Regarding the code-comments, I think the following should be minimum requirements:

  • Every file should have a header that briefly explains what the file contains and how it fits in with the overall system. That way I know if I am even looking in the right file.

  • Each function / class / etc. should have a doc-string explaining what it does, even if it is internal and not intended to be used in the external API. Because without proper doc-strings we have to guess / infer what the function does from reading its code, which is not only very slow to do, but if there are problems / bugs in the code, then we may not understand what it does, or even worse, we may think that the bugs are actually features.

  • Personally I would prefer if you go into “full Shakespeare mode” like I do with my own code-comments, but I don’t think I can convince you of doing that. But you should as a bare minimum explain what is going on in non-trivial parts of the code, using proper English explanations and not short cryptic comments in broken English, that may be just as hard to understand as the code itself.

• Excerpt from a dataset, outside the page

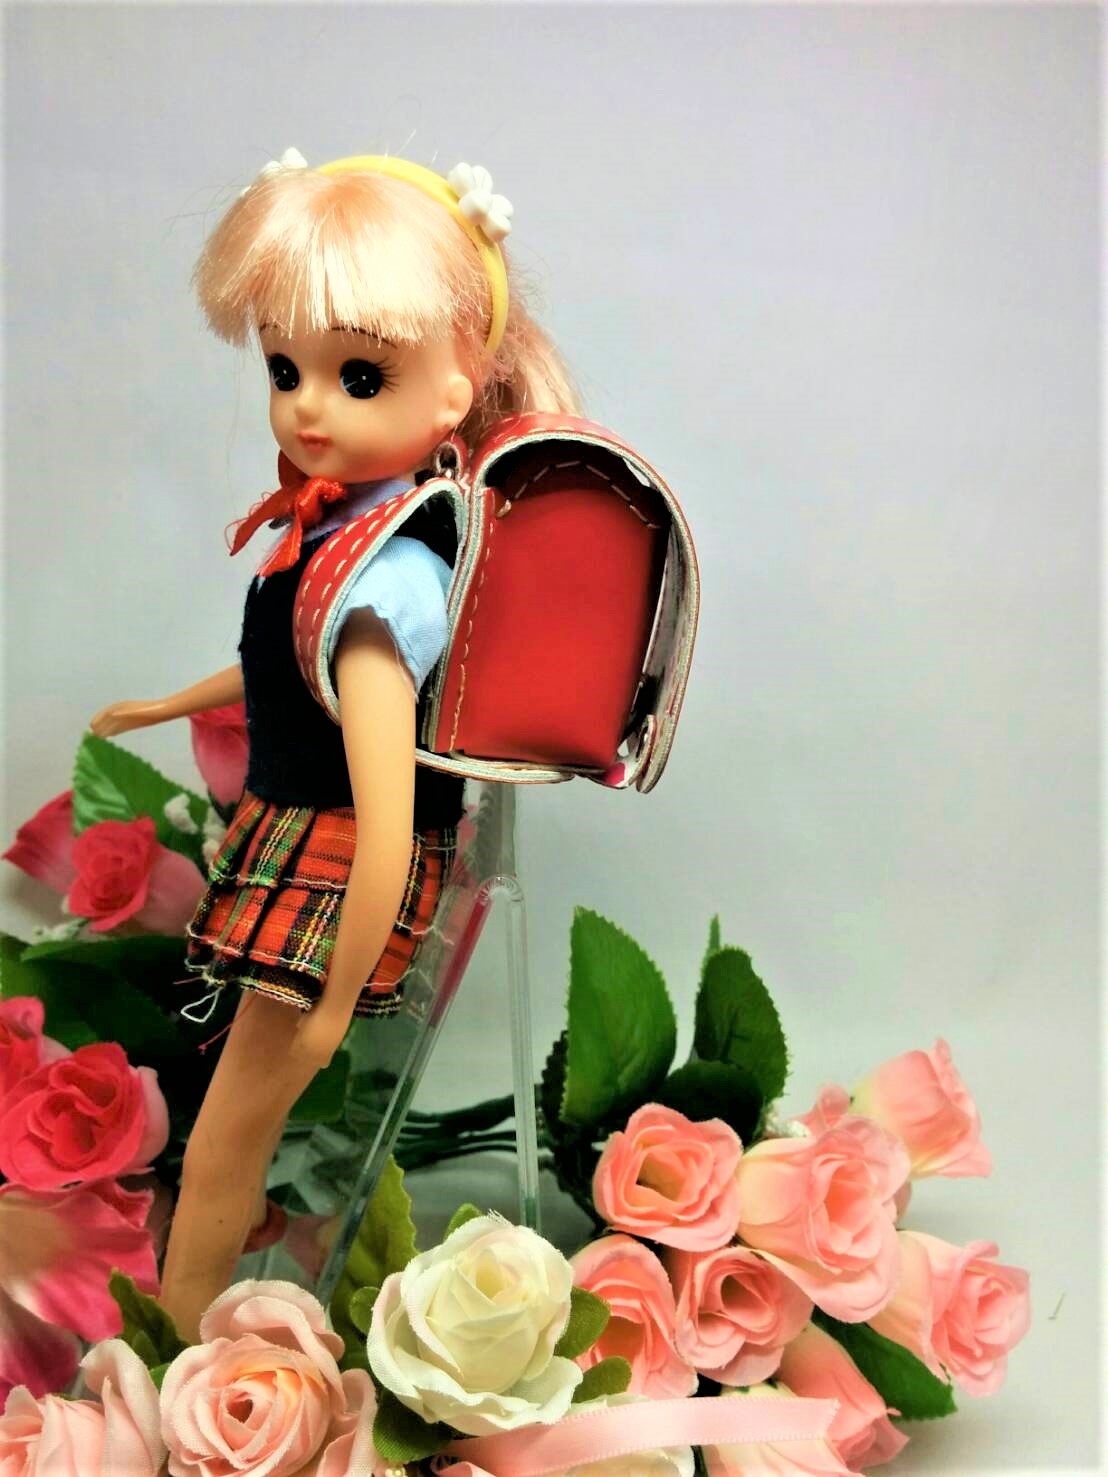 可愛いお人形にもミニランキーホルダー ランドセルのリメイク 革製品専門店 Canars Japan カナーズ ジャパン

If you start doing this going forward, then I think it will be a great help to others who are trying to understand and contribute to your code-base, and eventually more and more of your code-base will be easier to understand for others.

As an example, have a look at the R&D project I just finished here which has lots of non-trivial things going on - including some non-obvious data-conversion to make Numba run even faster (altogether I got a nearly 50x speed-up over pure Python thanks to Numba!) Without the extensive code-comments this would be quite hard to understand - even for myself if I look at the code again in a few years. There’s also some code that handles floating-point rounding errors, which would look bizarre if it wasn’t explained.

Just look at how beautiful this code is! I simply don’t understand why software engineers don’t take more pride in their work, like master carpenters would do. And it’s not hard to do. This entire R&D project took me 4 weeks to complete, including the invention of the new algorithm with several iterations of rewriting and improving it; optimizing it for Numba; polishing and documenting the code; making a tutorial; writing the paper, etc.